The average α approach takes a statistical approach and significantly improves the quality of the results in each dataset. For the Promoters, Prostate-GE, Credit-g, and SMK-CAN-187 datasets, the approach has especially good results. For the SMK-CAN-187 dataset, the value increases by about 99.1% for the uniform distribution. Relatively good results are obtained for the other datasets. For example, for the uniform distribution, the best value of the α = 0 approach is 0.440, and the value of the average α approach is 0.979, an increase of 52.9%. This result is a big improvement.
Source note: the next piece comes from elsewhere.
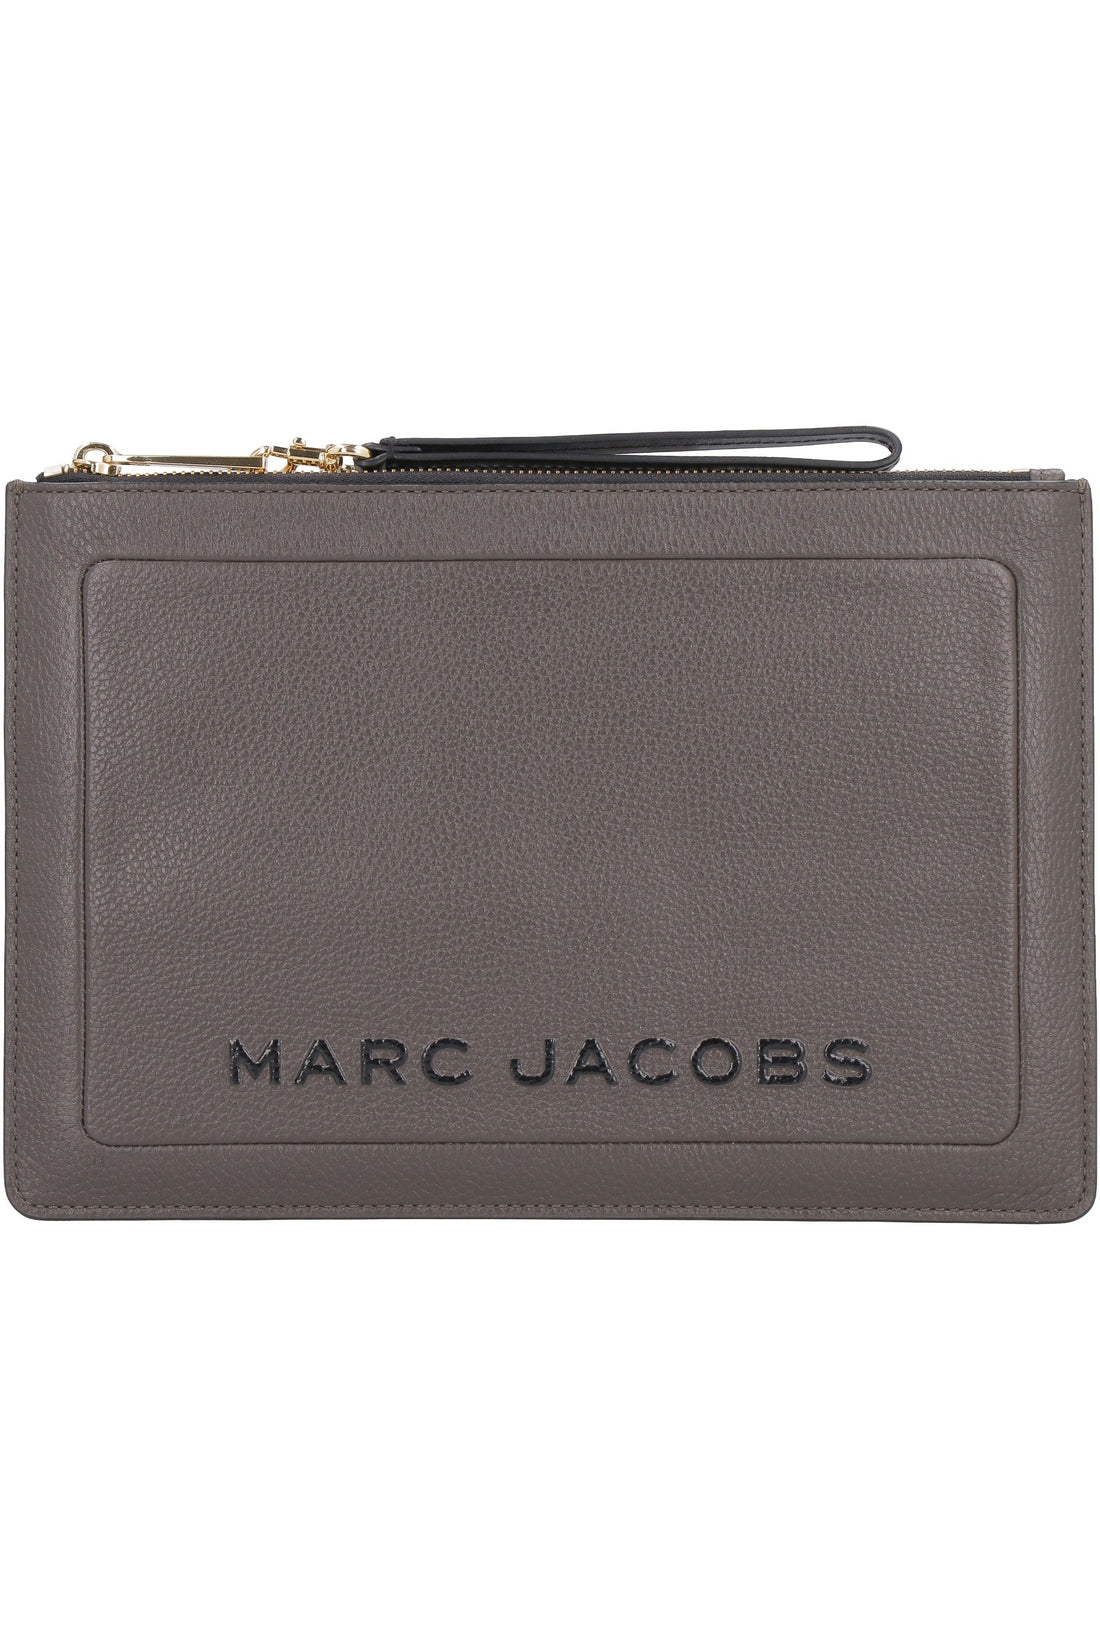 Marc Jacobs-OUTLET-SALE-The Box leather clutch-ARCHIVIST

Effectiveness compare with two algorithms
In this section, we compare the proposed algorithm with two existing algorithms [43, 44] to show the efficiency of our algorithm. First, the two existing algorithms and the CSFS-RSLS algorithm are used in a support vector machine classifier to compute the classification accuracy. We used 60% of the dataset as the training set and the rest as the test set. Second, using the uniform distribution, each algorithm was run 100 times with different test cost settings and the optimal factor was compared with different exponential weight settings.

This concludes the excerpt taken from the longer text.